In this paper, we surveyed various techniques for jointly extracting entities and relations. We first motivated the need for developing joint extraction techniques as opposed to traditional “pipeline” approaches. We then summarized more than a decade’s work in joint extraction of entities and relations in the form of a table. In that table, we categorized techniques based on the approach they adopt for joint extraction, i.e. whether they employ joint inference or joint modelling or both. We further described some of the representative techniques for joint inference and joint modelling. We also described standard datasets and evaluation techniques; and summarized performance of the joint extraction approaches on these datasets.

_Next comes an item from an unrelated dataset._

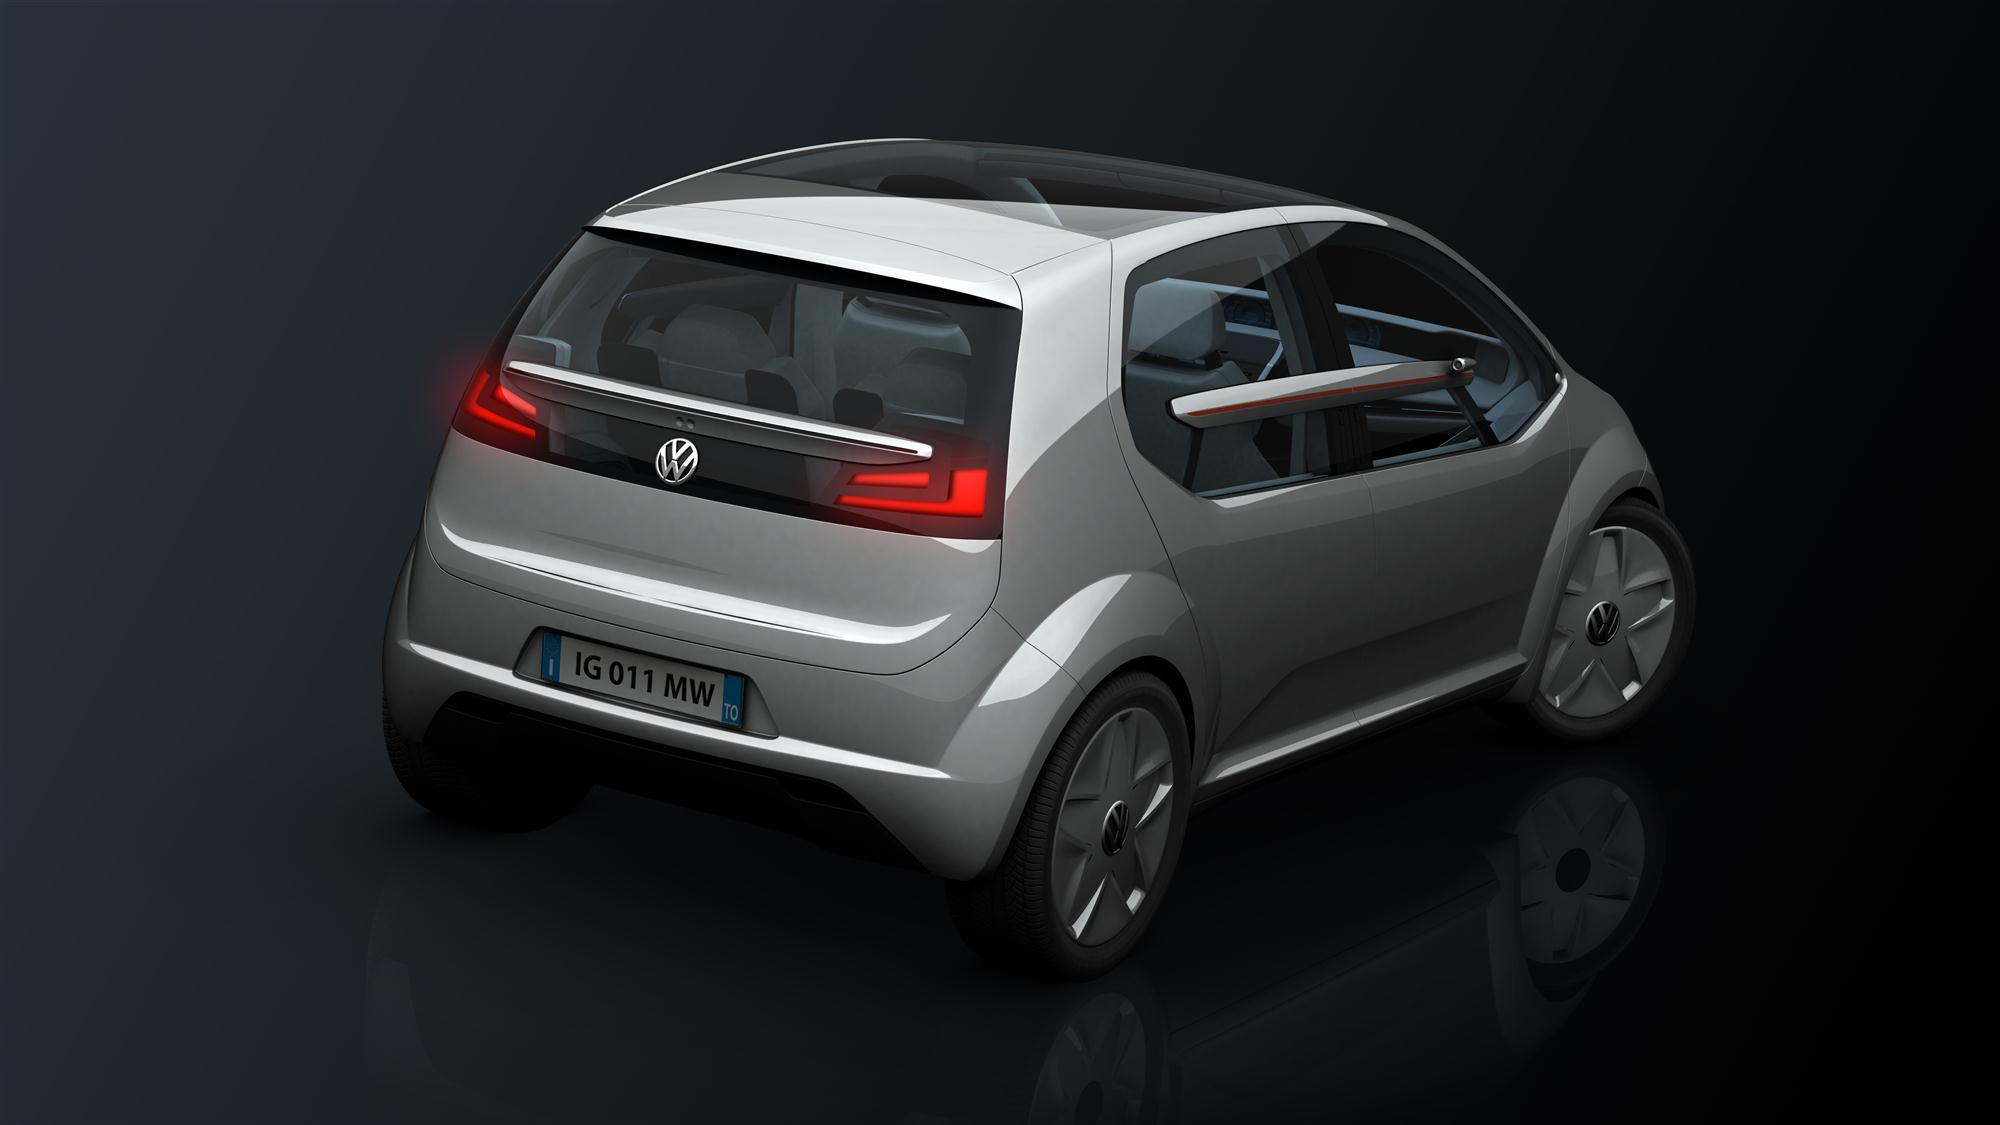 Volkswagen Italdesign Giugiaro GO! Concept

We presented a brief analysis of application of a general domain joint extraction approach on the ADE dataset from Biomedical domain. We believe that this survey would be useful for researchers as well as practitioners in the field of Information Extraction. Also, these joint extraction techniques would motivate new techniques even for other NLP tasks such as Semantic Role Labelling (SRL) where predicates and arguments can be extracted jointly.